Mr McEntee said he had been hired into the role in 2023 to turn round the business. “There have been a range of issues over a number of years. Debt had built up. We were under pressure….

“First thing is, you had to sort out the balance sheet so that we can pay our way.”

As a result, the company had sold its North America and Mexico business. A research firm in Dowth in Co Meath was sold to the Irish government, followed by the sale of its Korean business.

“North America and Mexico were sold and that allowed us to repay all our debt and catch up with any creditors and put some firepower on the balance sheet and start regrowing.”

Turnover was down as a result of falling commodity prices, he said. “A lot of what we sell is commodities that we add some value to. If commodity prices are high, turnover is high, if commodity prices are low, turnover is low, we just have to maintain the margin piece.

“It’s not good for us when sales are up because commodity prices are up and that puts pressure on our customer base.”

Devenish Nutrition develops and manufactures animal feed

He described the year to May 2024 as a “year of consolidation”. “We had an EBITDA loss in 2023 of £1m and we went to a positive EBITDA of £5m in the year to May 2024.

“That £5m is not huge but it’s cash positive as opposed to cash negative, so we would see it as a year of consolidation and just general refocusing of the core business.”

Its UK operations include a mill in Duncrue Street, Belfast, and mills in Widnes and Thirsk in England.
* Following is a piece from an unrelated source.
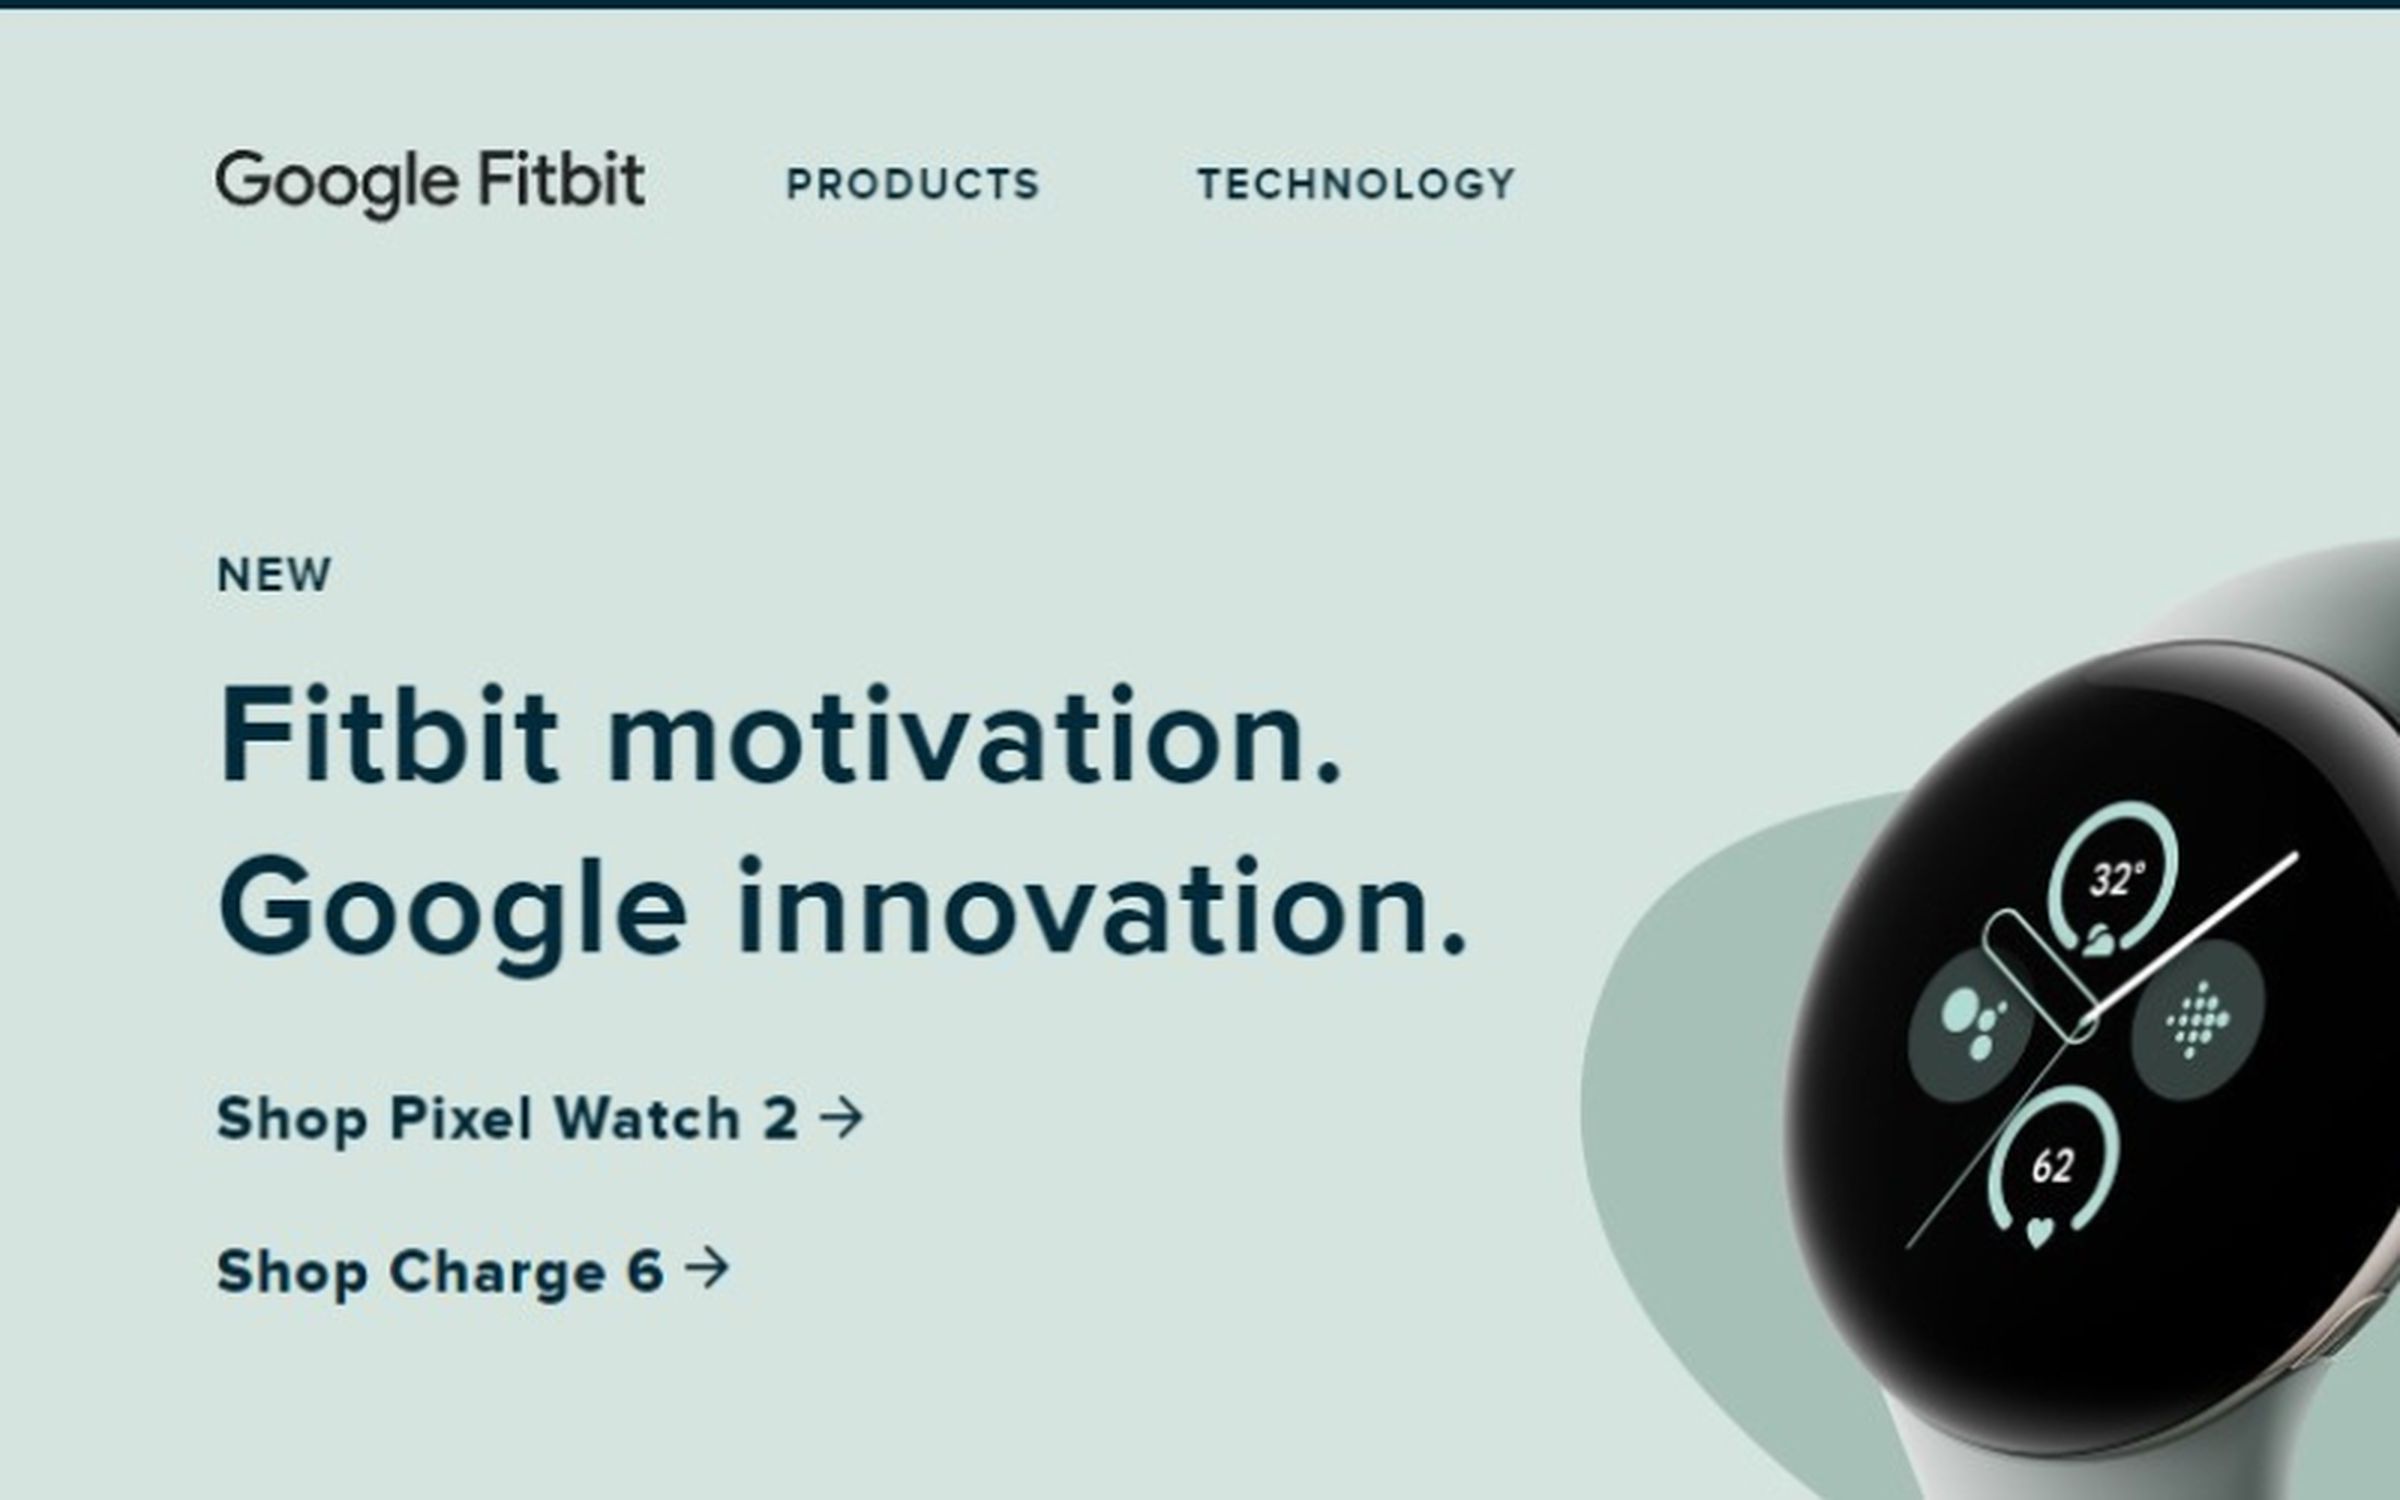 A screengrab of the Fitbit website showing updated Google branding.

Over the year, he said there had been a “small” number of redundancies, mainly at a senior level. Overall, the workforce at the privately-owned business had fallen from 557 to 506.

He said that it was “very pleased with progress and continuing to improve, which is the key point”. “The Irish market and the UK market is very solid with some good growth internationally.”

But he said global volatility was a constant factor to reckon with and that the company’s deal in South Korea had been well-timed, ahead of recent unrest including the impeachment and arrest of its president, Yoon Suk Yeol.

“We did the transaction with Korea this time last year. Would that transaction be done today with a listed Korean company, I’m just not sure.

“Sometimes you just need to be lucky… Volatility is the name of the game in every space at the moment, not just agriculture.”